| lawst |
A player race, regardless of implementation, should not supplant other forms of character development or render any of those forms obsolete.
I agree, that a player race should not replace forms of character development. I may have been unclear in my approach to the racial classes. I am not saying to provide a progression in which monstrous races start at level one, but rather a launching point from when they begin. Using the example from above, a bugbear would start their adventuring career at level 5 (4 racial + 1 class), not at level 1.
Classes are the main construct under which character abilities are granted. If you create a race, even if using "racial levels" that makes you a better fighter than a fighter, you've essentially created an unbalanced class that makes the fighter obsolete, in the guise of a race.

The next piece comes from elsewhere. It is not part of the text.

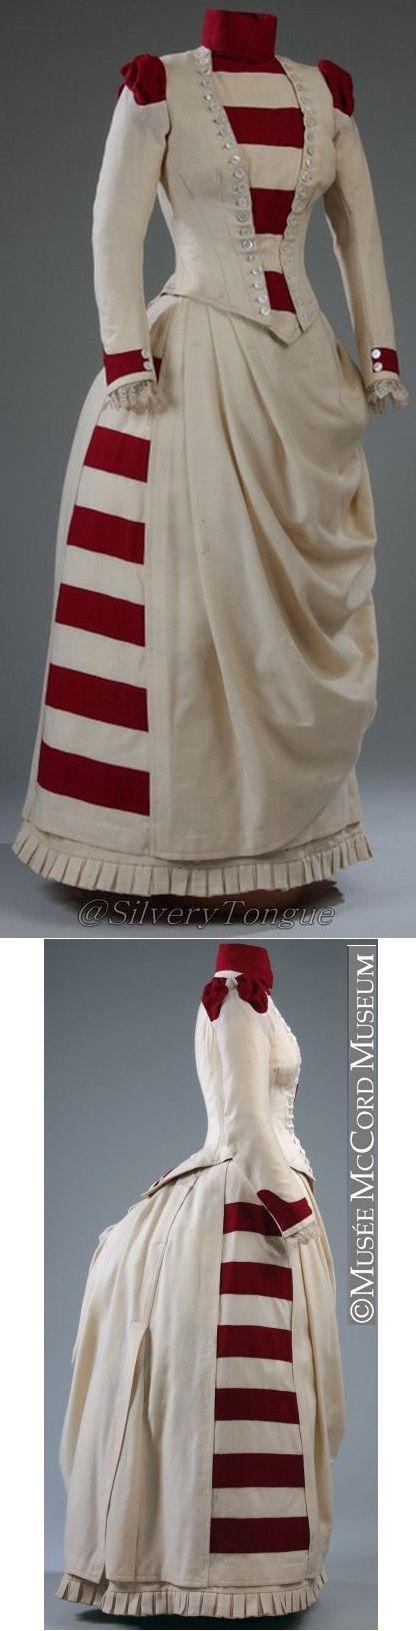 red & white striped 1880s ensemble. http://thedreamstress.com/2017/03/rate-the-dress-a-red-white-striped-1880s-ensemble/
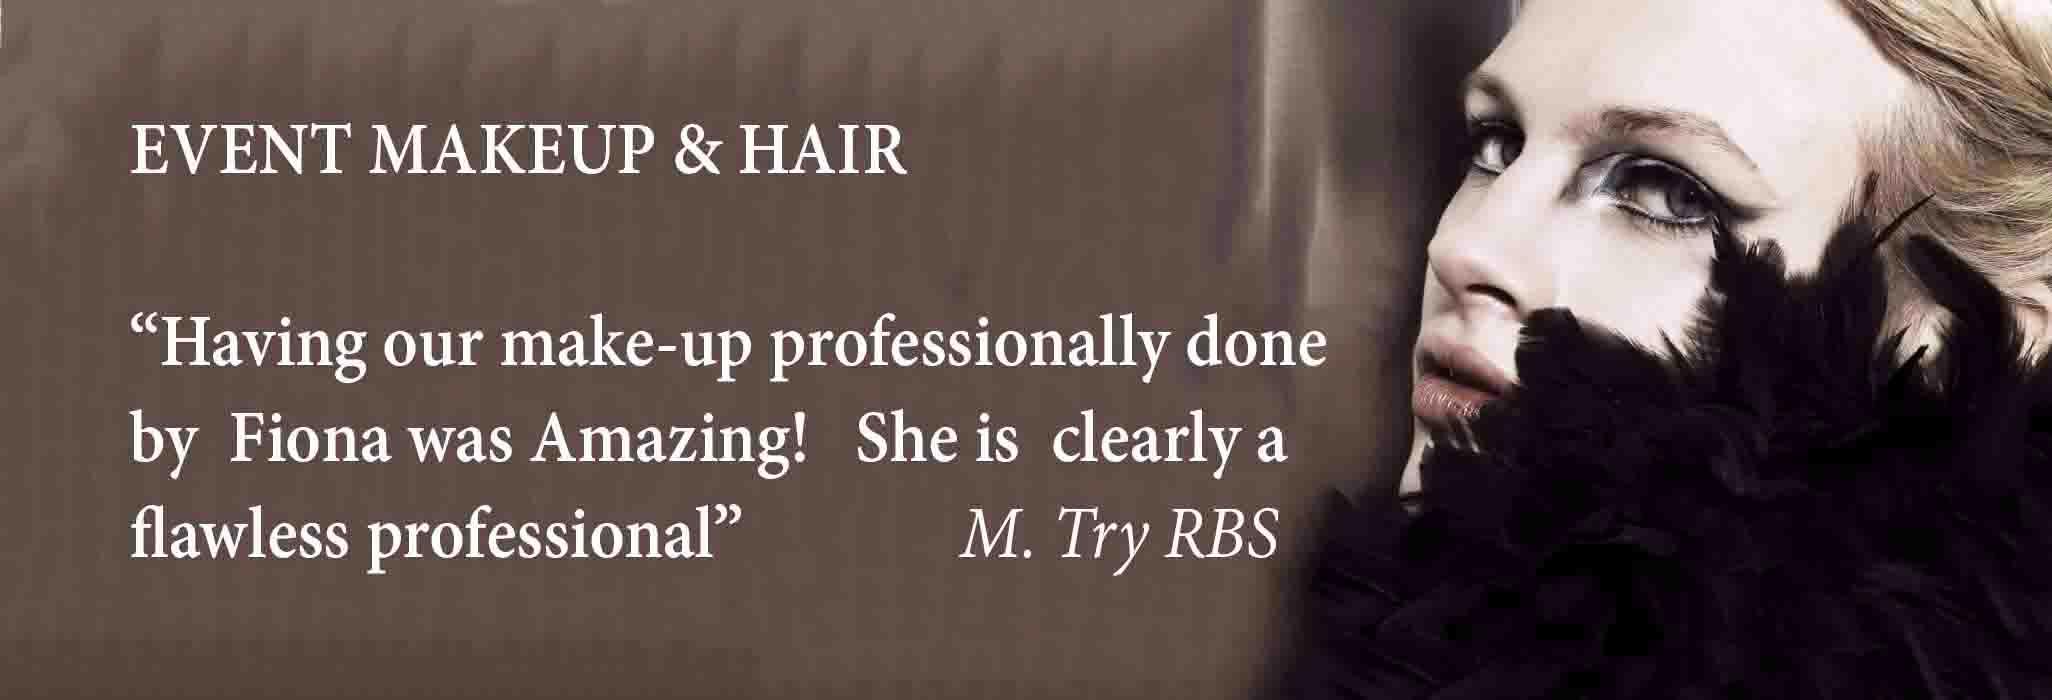 event hair and makeup London FT splash

My objective is not to create new races from scratch, but rather find ways to adapt current monsters as potential playable races. Could the system be abused to front-load characters? Yes, it could, especially from the stand point of creating such creatures from scratch. But that's where the not only mitigation of DM helps, but also some sense of fair play. Most of the monsters printed have abilities that are close in level that matches their challenge rating, which is close to the level of character many of those races would be ranked at using this idea.
As far as having "racial levels that makes you a better fighter than a fighter," the goal in this approach is to make it so that a monstrous creature is not better, but different, just as a barbarian is different from a fighter, or a cleric from a wizard.